In practice, the main reason for collecting data to very high resolution is to be able to fit more variable parameters (e.g. multipole and anharmonic displacement parameterizations etc.) in order to describe the structure more accurately; hence, it is likely that in practice even at very high resolution the optimal (calculated − ideal) RMSZ values will still be somewhat less than the theoretical asymptotic value of unity and therefore the optimal RMSD values will correspondingly be less than the asymptotic value given approximately by the RMS SU. One cannot predict what the optimal RMSD value at a given resolution will be without knowing something about the observation-to-parameter ratio for the particular parameterization in use; of course there may well be an optimal parameterization defined by the maximum of the log(free likelihood).

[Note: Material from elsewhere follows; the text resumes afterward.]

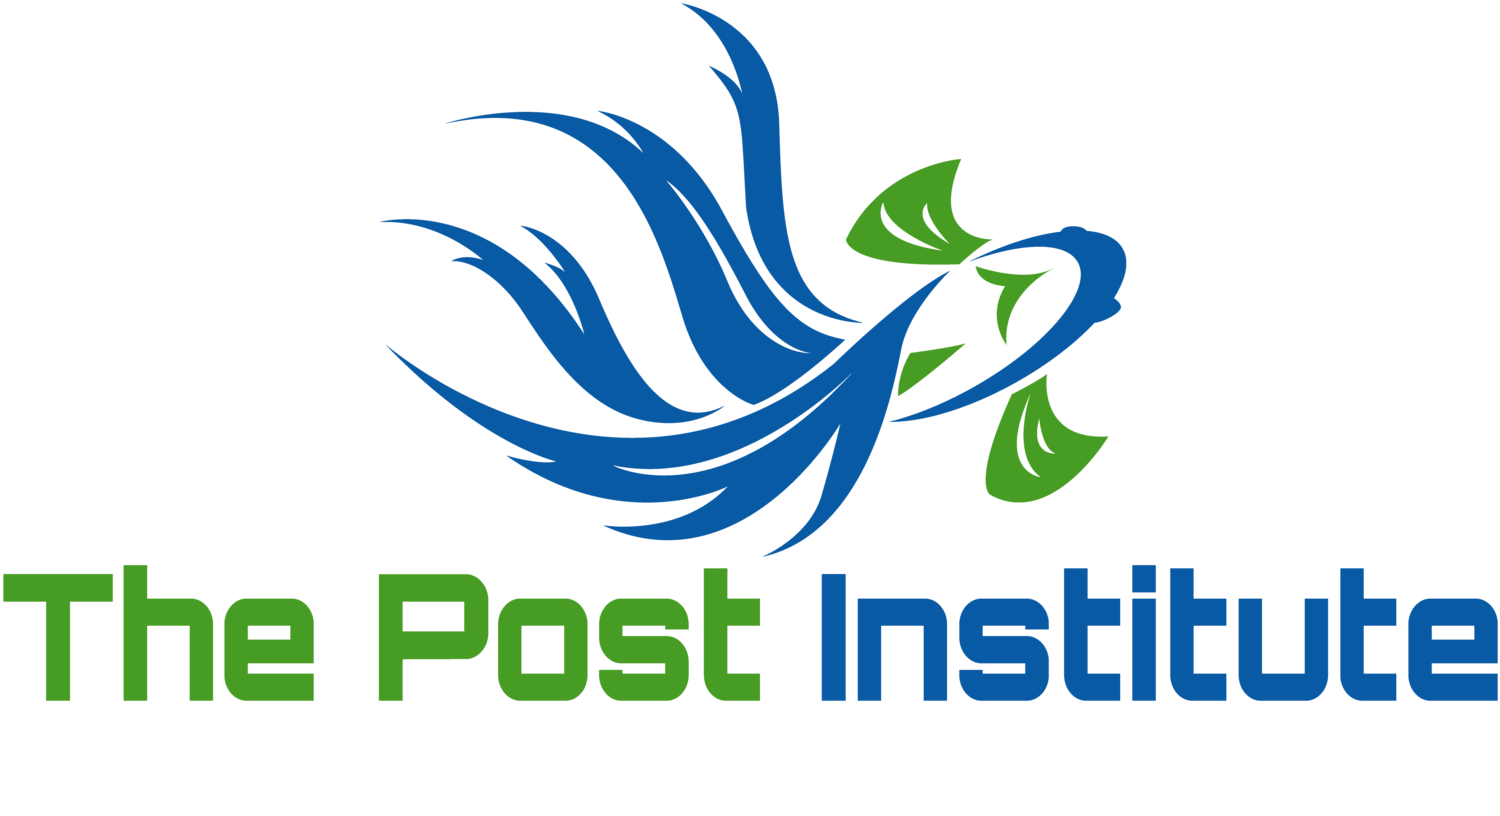 The Post Institute

There are some additional effects that Jaskolski et al. (2007) have not taken into account in their analysis: the SUs of the ideal values obtained from the CSD data are just the sample standard deviations (Engh & Huber, 1991, 2001). As they point out, this will include real variations arising from the chemical environment and from random sampling errors in cases where only a limited number of samples of a given bond or bond-angle type are available. However, there will also be contributions arising from the experimental errors of the diffraction measurements obtained from the crystals of the small molecules (Evans, 2007 ) and also from the neglect of libration corrections for the geometry calculated from the CSD coordinates. For bond lengths in small-molecule structures the experimental SUs are typically in the range 0.005–0.01 Å, i.e. somewhat smaller than the range of sample standard deviations (0.01–0.06 Å); the contribution to the uncertainty from neglect of libration corrections is impossible to quantify, if only because the CSD does not hold the atomic displacement parameters needed to compute these corrections. In most cases the experimental error will probably be a relatively small contribution, but in some particular cases it could be significant. The overall effect will be to further increase the random error and thus reduce the correlation of (calculated − ideal) and (true − ideal) Z scores; hence, the theoretical result proved in Appendix A allows us to conclude that the effect of this will be to lead to lower optimal RMSZs or RMSDs than would otherwise be expected.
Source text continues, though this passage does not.